Yields below output.

Polars cast string integer

To convert a single column from a string to an integer in Polars, you can use the cast() method on that specific column. Below is an example where the Fee column, which is currently in string format, is cast to an integer.


# Cast 'Fee' column from string to integer (Int32)
df2 = df.with_columns(pl.col('Fee').cast(pl.Int32).alias('Fee_int'))
print("DataFrame with Fee column casted to integer:\n", df2)

Here,

  • pl.col('Fee') – Selects the Fee column.
  • cast(pl.Int32) – Converts the Fee column from a string type to an integer type (Int32).
  • alias('Fee_int') – Creates a new column named Fee_int to store the casted integer values.
Polars cast string integer

Cast Multiple String Columns to Integer

You can apply the cast() method to each column and perform the transformation using with_columns(). In Polars, this approach allows you to cast multiple string columns to integers efficiently. Here’s how you can convert multiple columns, such as Fee and Discount, from strings to integers.

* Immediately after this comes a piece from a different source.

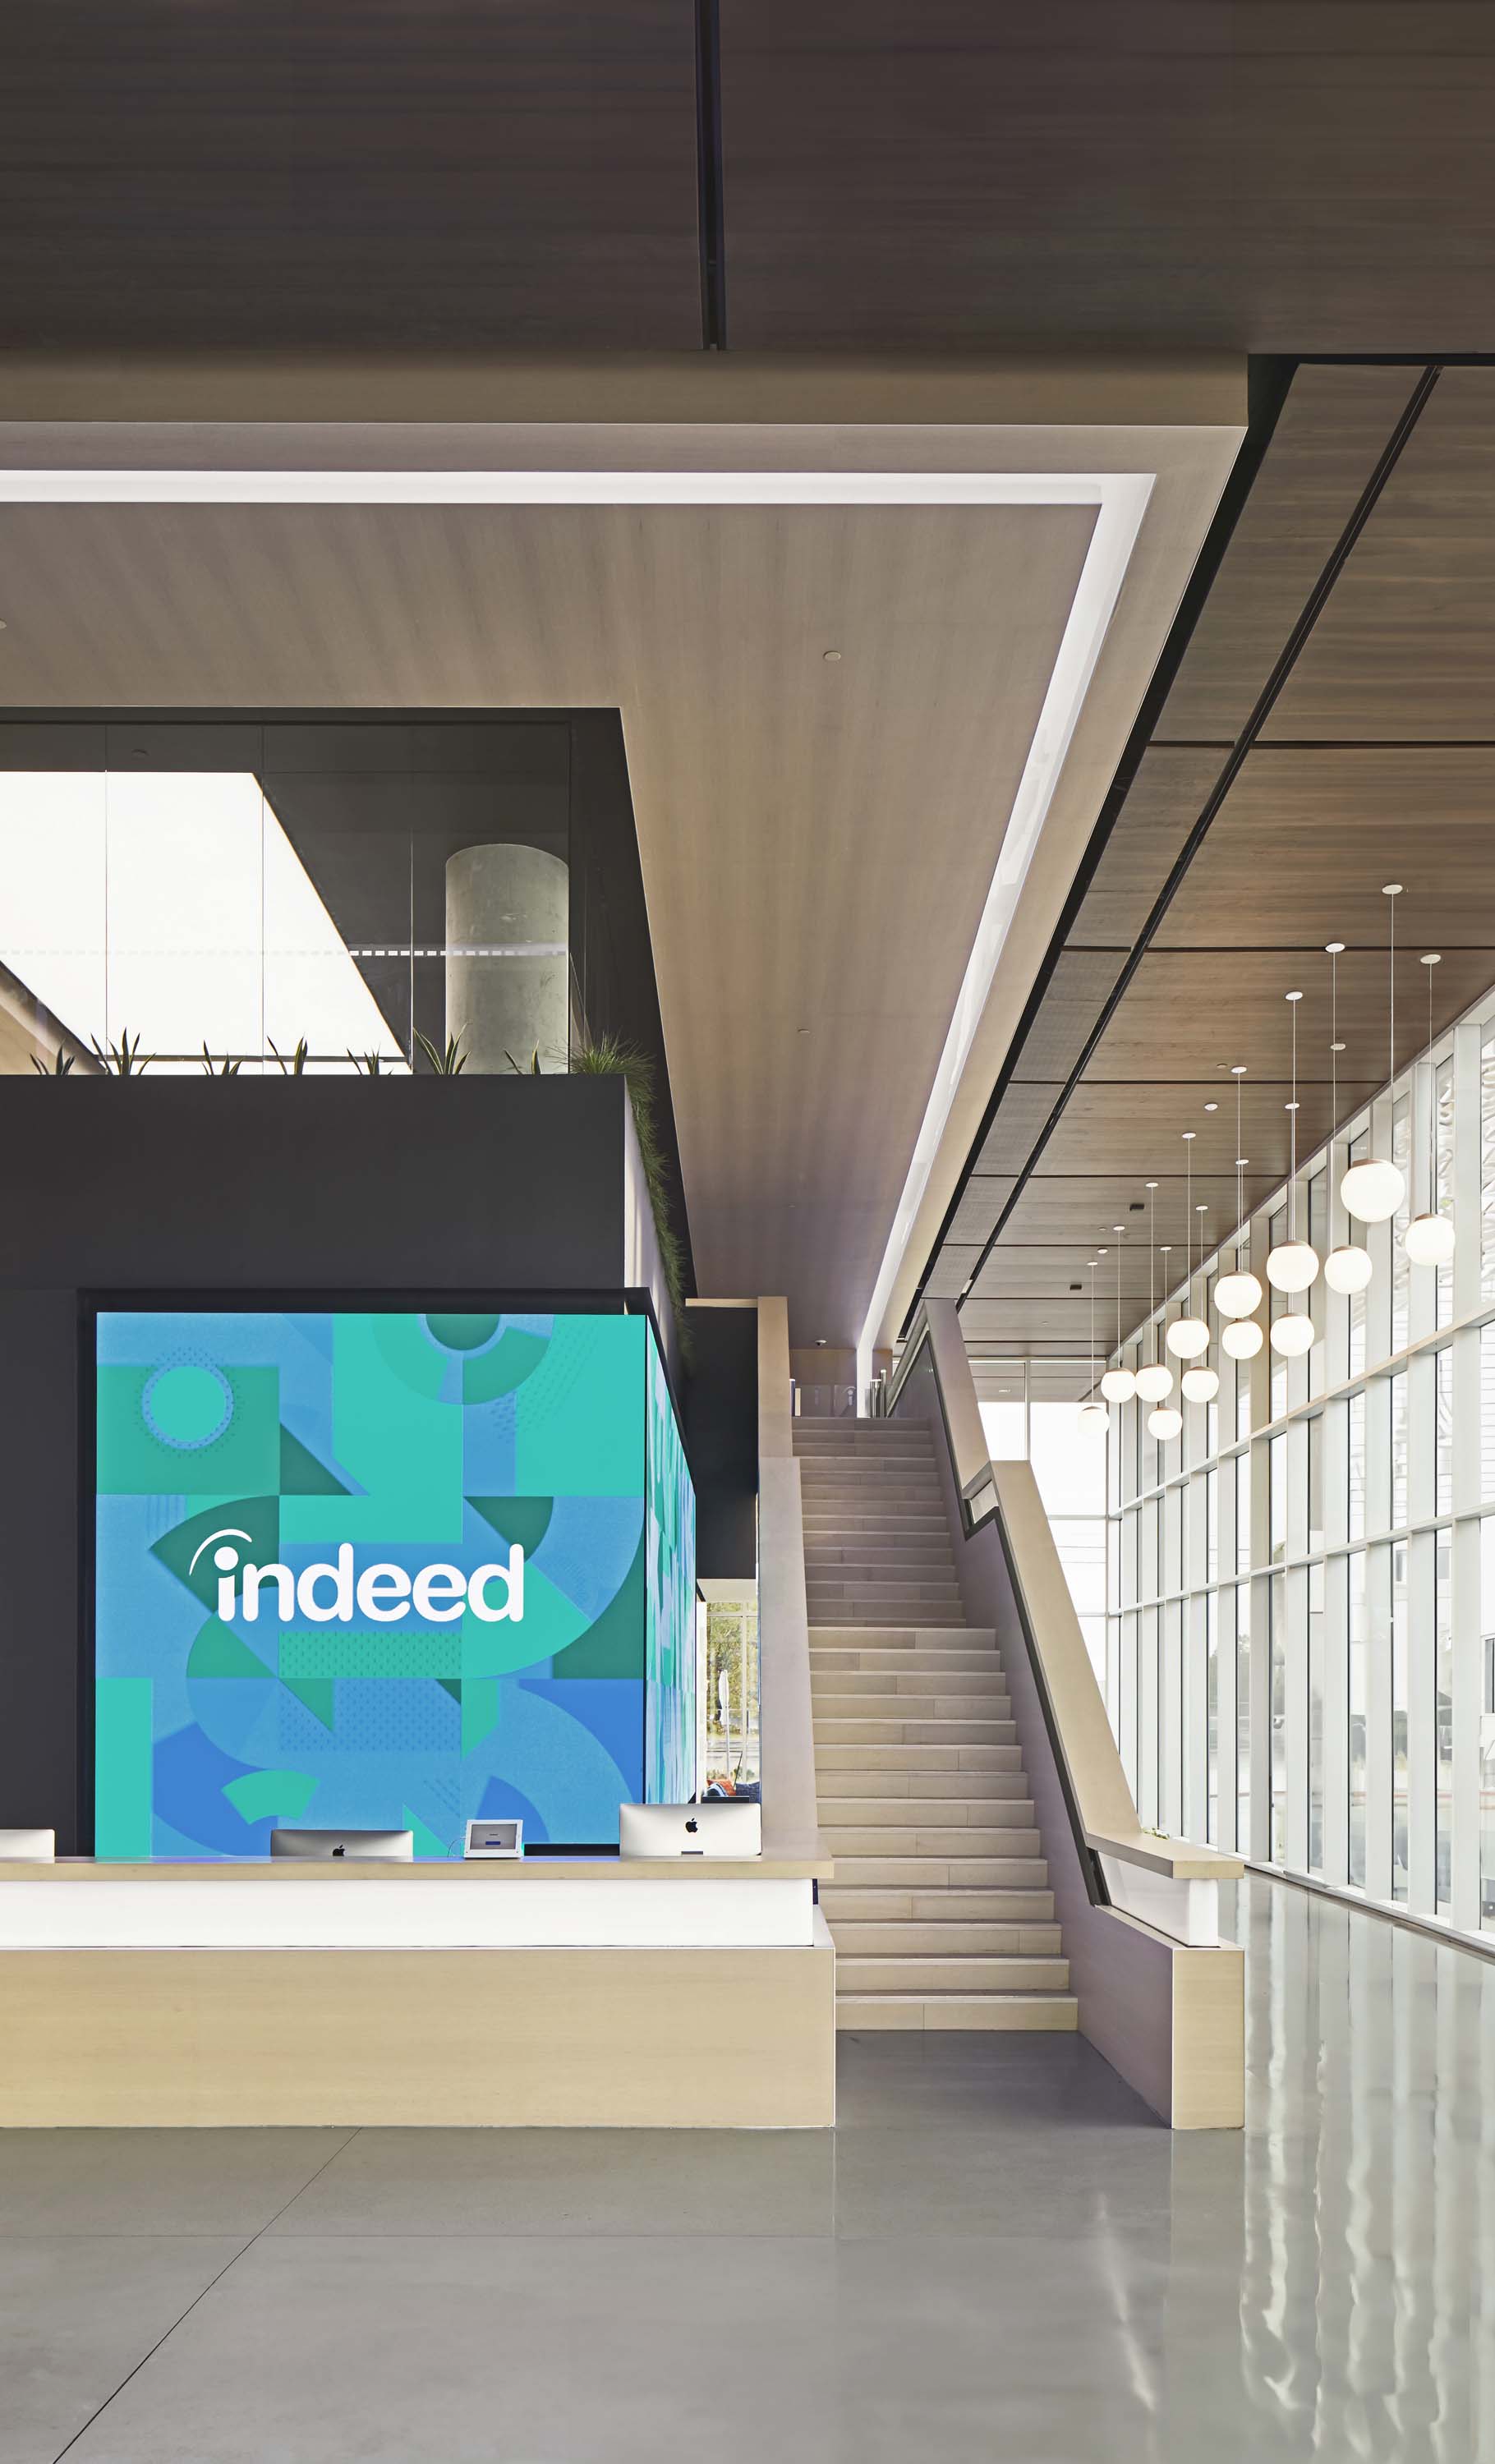 Indeed.com in Austin, Texas by Specht Novak Architects, shot by Andrea Calo, framed by desk and staircase showcasing cool toned materials and open floorplan.
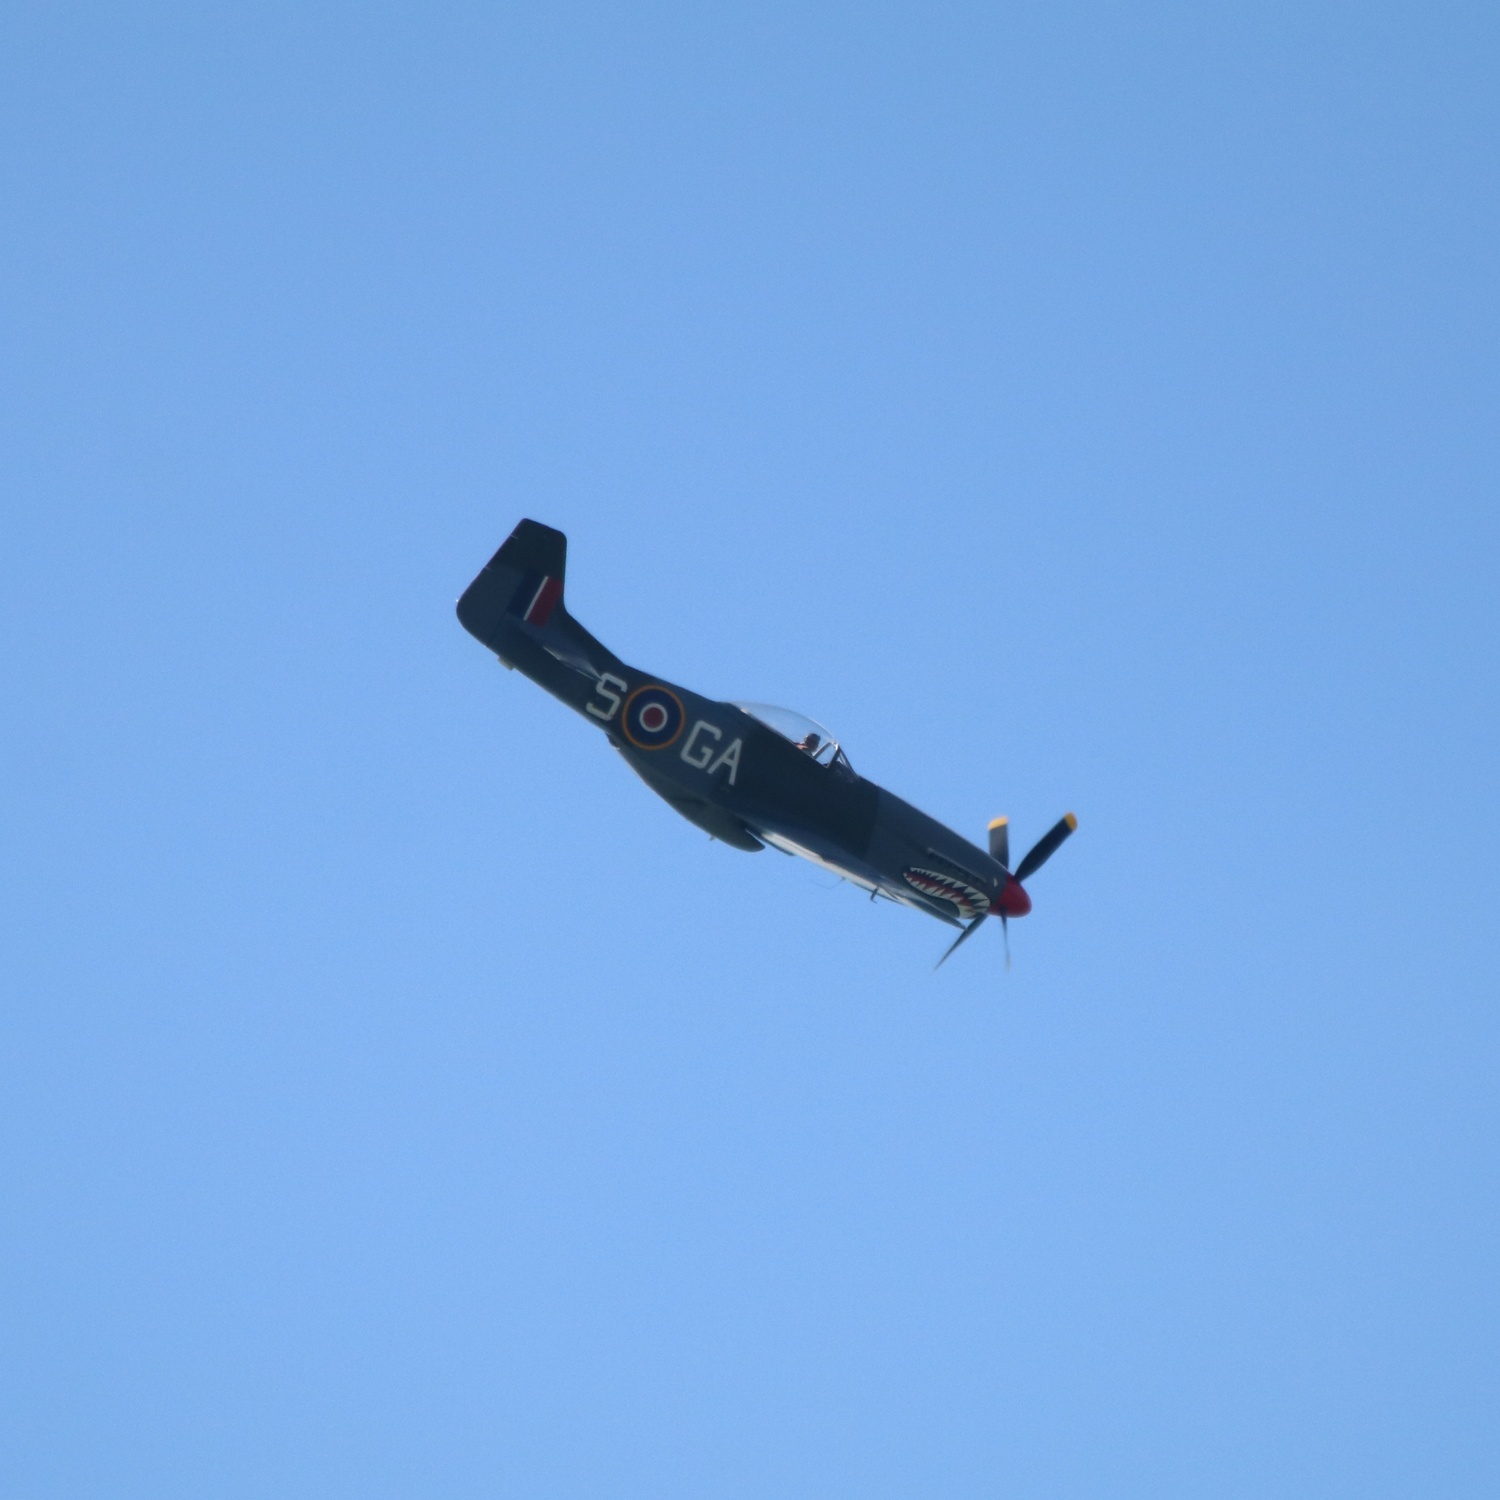 North American P-51 Mustang flying down and right against clear blue sky

# Cast 'Fee' and 'Discount' columns from string to integer
df2 = df.with_columns([
        pl.col("Fee").cast(pl.Int32).alias("Fee"),
        pl.col("Discount").cast(pl.Int32).alias("Discount")])
print("Updated DataFrame with Fee and Discount as Integer:\n", df2)

# Output:
# Updated DataFrame with Fee and Discount as Integer:
# shape: (4, 4)
┌─────────┬───────┬──────────┬──────────┐
│ Courses ┆ Fee   ┆ Duration ┆ Discount │
│ ---     ┆ ---   ┆ ---      ┆ ---      │
│ str     ┆ i32   ┆ str      ┆ i32      │
╞═════════╪═══════╪══════════╪══════════╡
│ Spark   ┆ 22000 ┆ 30days   ┆ 1000     │
│ PySpark ┆ 25000 ┆ 50days   ┆ 2300     │
│ Hadoop  ┆ 24000 ┆ 40days   ┆ 2500     │
│ Pandas  ┆ 26000 ┆ 60days   ┆ 1400     │
└─────────┴───────┴──────────┴──────────┘

Here,

  • pl.col("Fee").cast(pl.Int32) – Casts the Fee column from string to integer (Int32).
  • pl.col("Discount").cast(pl.Int32) – Casts the Discount column from string to integer (Int32).
  • with_columns() – Applies both transformations in one step.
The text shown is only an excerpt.